'Otpor' Yazmış, Mehmet Ali Alabora Oynamış!
Gezi Parkı gösterilerini 'Otpor' adlı Sırp gençlik hareketinin organize ettiği iddiasıyla bir soruşturma açıldığı ortaya çıktı. Emniyet'ten gönderilen yazıda; Otpor lideri İvan Maroviç'in tiyatrocu Mehmet Ali Alabora ve ekibiyle Kahire'de görüştüğü, görüşmeden sonra Türkiye'ye dönen grubun 'Mi Minör' adlı oyunun provalarına başladığı ve böylece Gezi Parkı eylemini başlattıkları ileri sürüldü İşadamı Osman Kavala'nın Alabora ve ekibini finanse ve organize ettiği iddia edildi.

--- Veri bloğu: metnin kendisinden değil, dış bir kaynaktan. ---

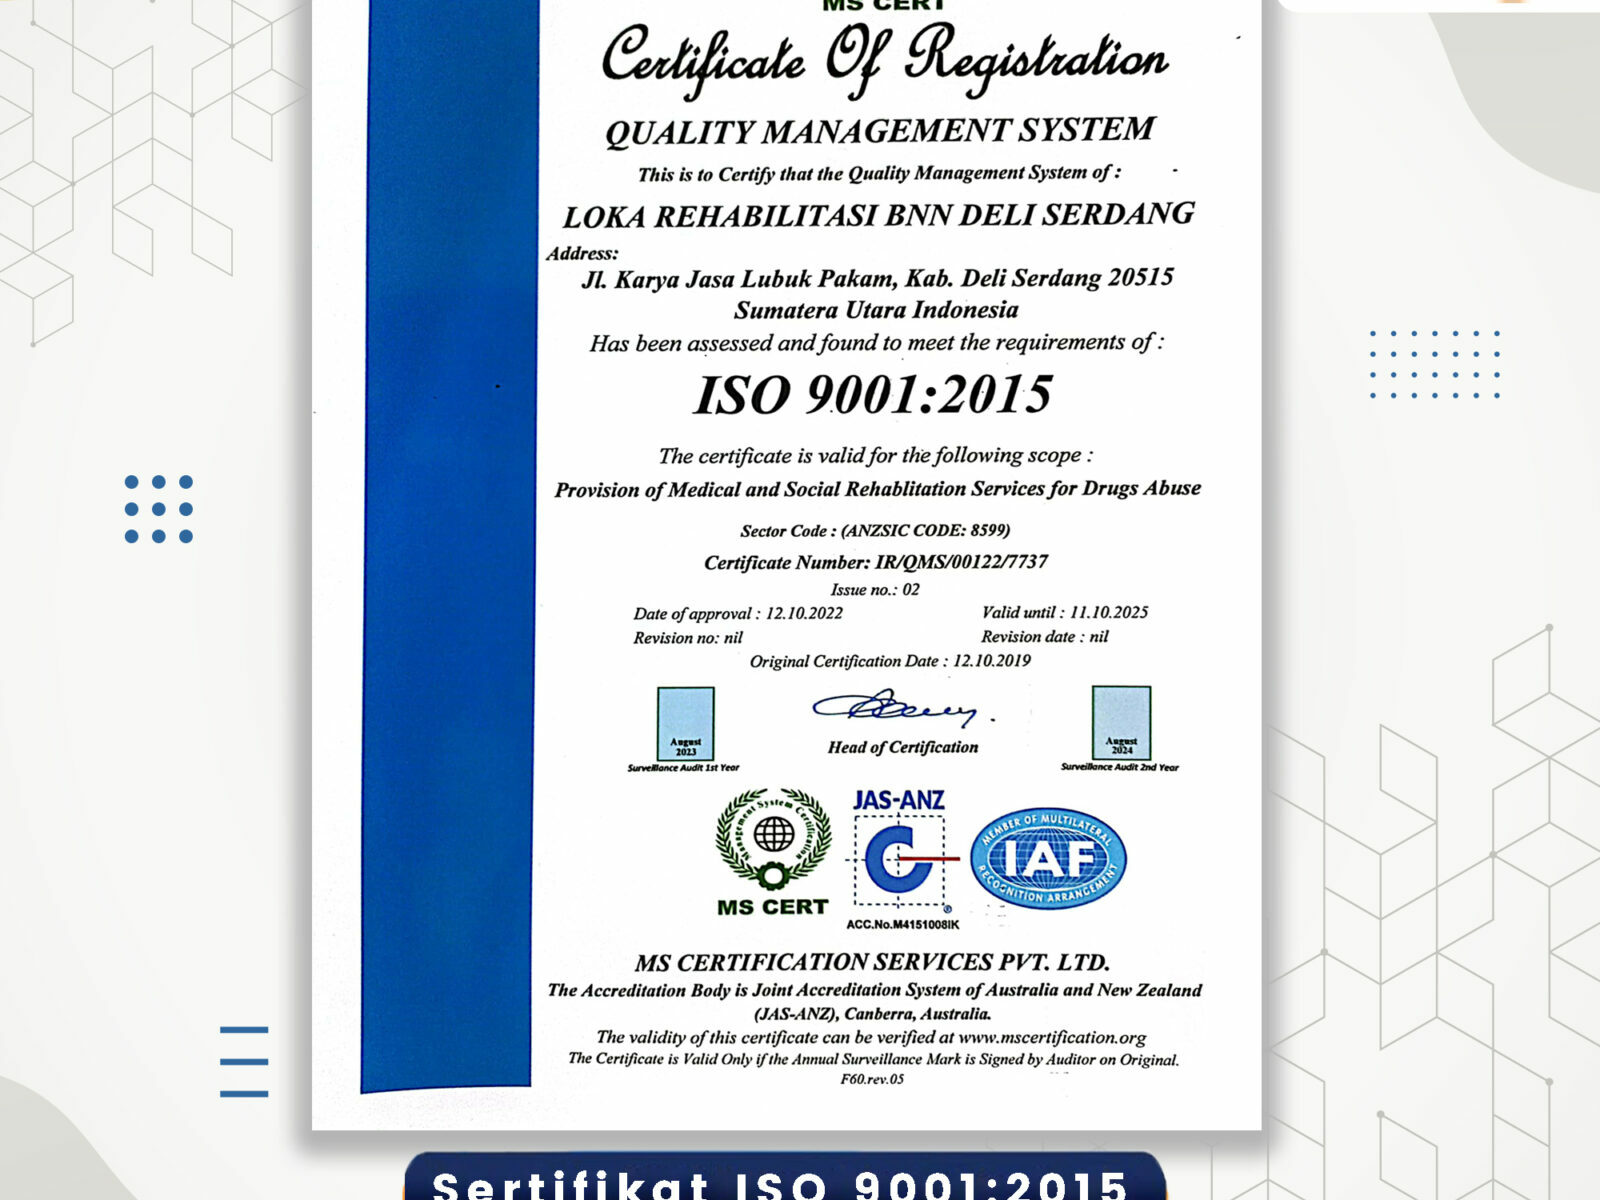 LOKA REHABILITASI BNN DELI SERDANG KEMBALI BERHASIL MERAIH SERTIFIKAT ISO 9001:2015

Radikal'den İsmail Saymaz'ın haberine göre Emniyet Genel Müdürlüğü Kaçakçılık ve Organize Suçlarla Mücadele Daire Başkanlığı Gezi Parkı eylemlerinin devam ettiği 15 Haziran 2013’te İstanbul Organize Suçlarla Şube Müdürlüğü’ne gönderdiği yazıda; “özellikle Facebook ve Twitter’daki provokatif paylaşımların yapılan protestoları amacından saptırarak halk ve devletin karşı karşı gelmesinin amaçladığı, ülkede bir çatışma ve kaos varmış imajı oluşturularak, kamu düzeninin bozulmaya çalışıldığı, olayın sosyal medyada yayılış biçimi, olayın başlatılmasında ve yayılmasında rol oynayan aktörler, seçilen sloganlar ve imgelerin uluslararası aktörlerden destek alan şahıslarca organize şekilde yürütüldüğü” savunuldu. KOM Dairesi’nin yazısında şu “bulgulara” yer verildi:
ODTÜ EYLEMİNİ DE OTPOR YAPMIŞ!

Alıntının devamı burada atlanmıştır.